Страница 82 из 88
— Но ведь в свое время вы решились бежать в Тушино.
— И вы со мной, как и многие придворные. Знаю. Но тогда у меня на руках не было сына.
— Но вы же с сыном бежали из Тушина.
— И снова — мне было куда бежать. Я знала, что Заруцкий в Калуге. А здесь куда мне держать путь? К кому?
— Это можно рассчитать. Лишь бы вы не лишились свободы.
— Вы правы. Сегодня за мной одинаково усердно охотятся и ставленники царя Романова, и мои собственные родаки. Сегодня король Зигмунт ни о чем не станет торговаться с царицей Мариной.
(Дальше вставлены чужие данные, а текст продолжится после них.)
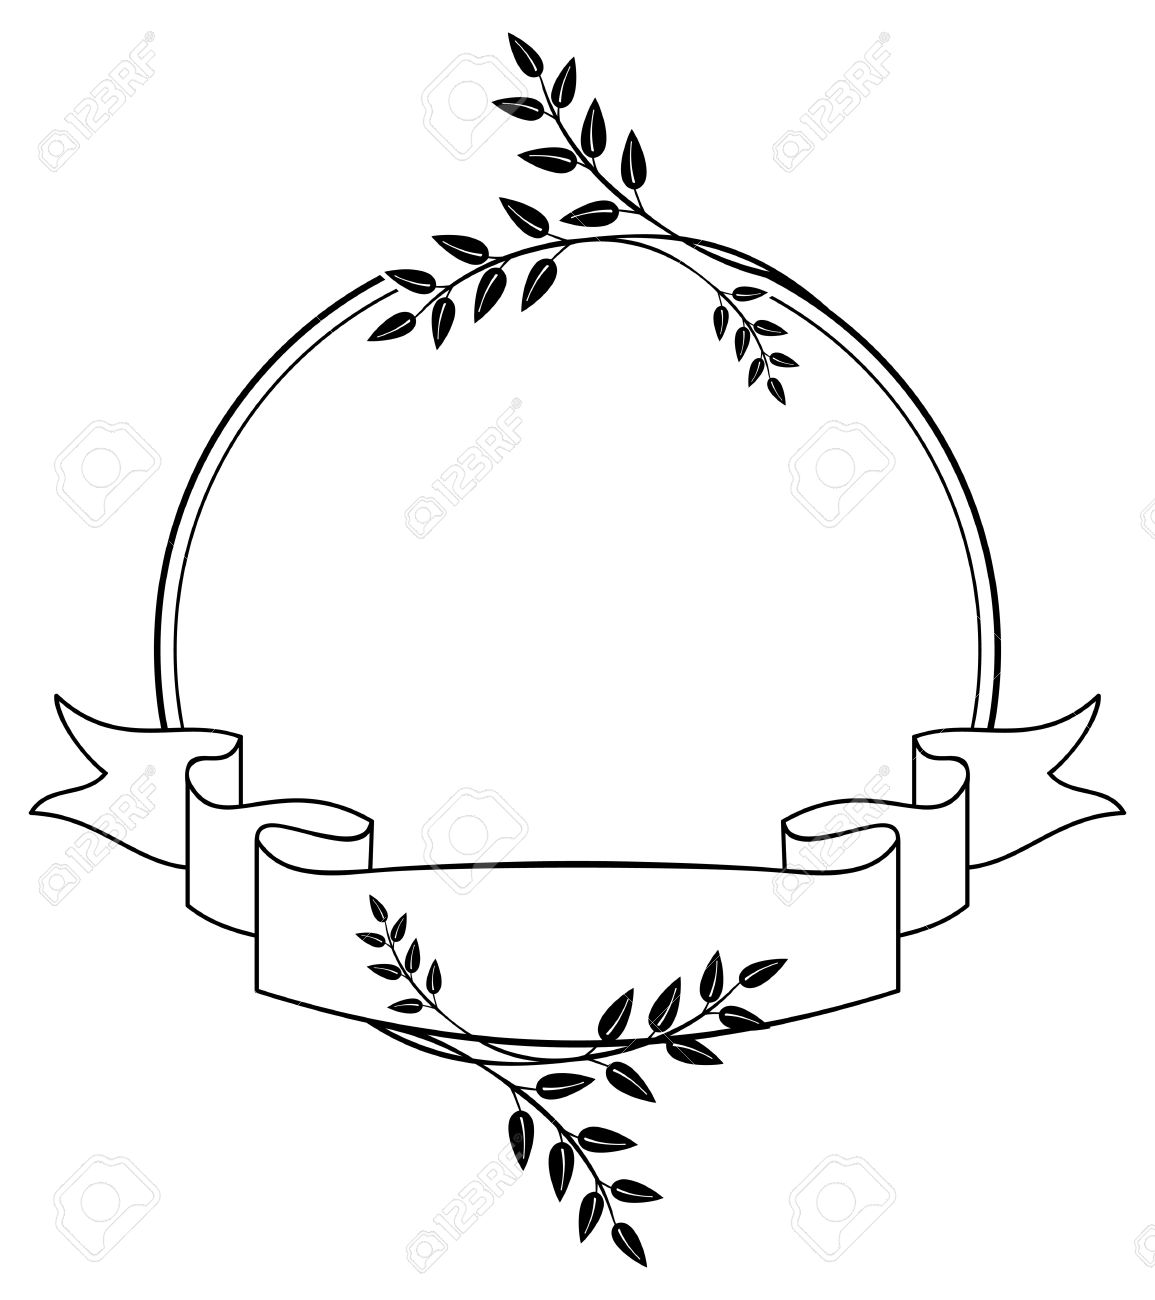 Black And White Round Frame With Floral Silhouettes. Copy Space.

Для него мой титул потерял смысл, раз московский престол стал сниться не только королевичу Владиславу, но и ему самому. Соперники из их числа навсегда закрыли мне дорогу в польские земли. О каком же побеге вы говорите, святой отец?
— Поверь, дочь моя. Господь ни в каком положении не оставит тебя без защиты. Главное — сохранить жизнь себе и младенцу.
— Какой ценой? Превратиться в нищенку, скитающуюся по неведомым дорогам и делающую все, чтобы скрыть свое истинное лицо? Или искать себе места в монастыре под вымышленным именем? Перестать быть царицей даже на словах, даже перед лицом десятка готовых тебе каждую минуту изменить прислужников?
— Дочь моя, неисповедимы пути Господни. Тем более неисповедимы пути, которыми Господь приводит своих избранников на престол. Тебе следует положиться на Божественное Провидение.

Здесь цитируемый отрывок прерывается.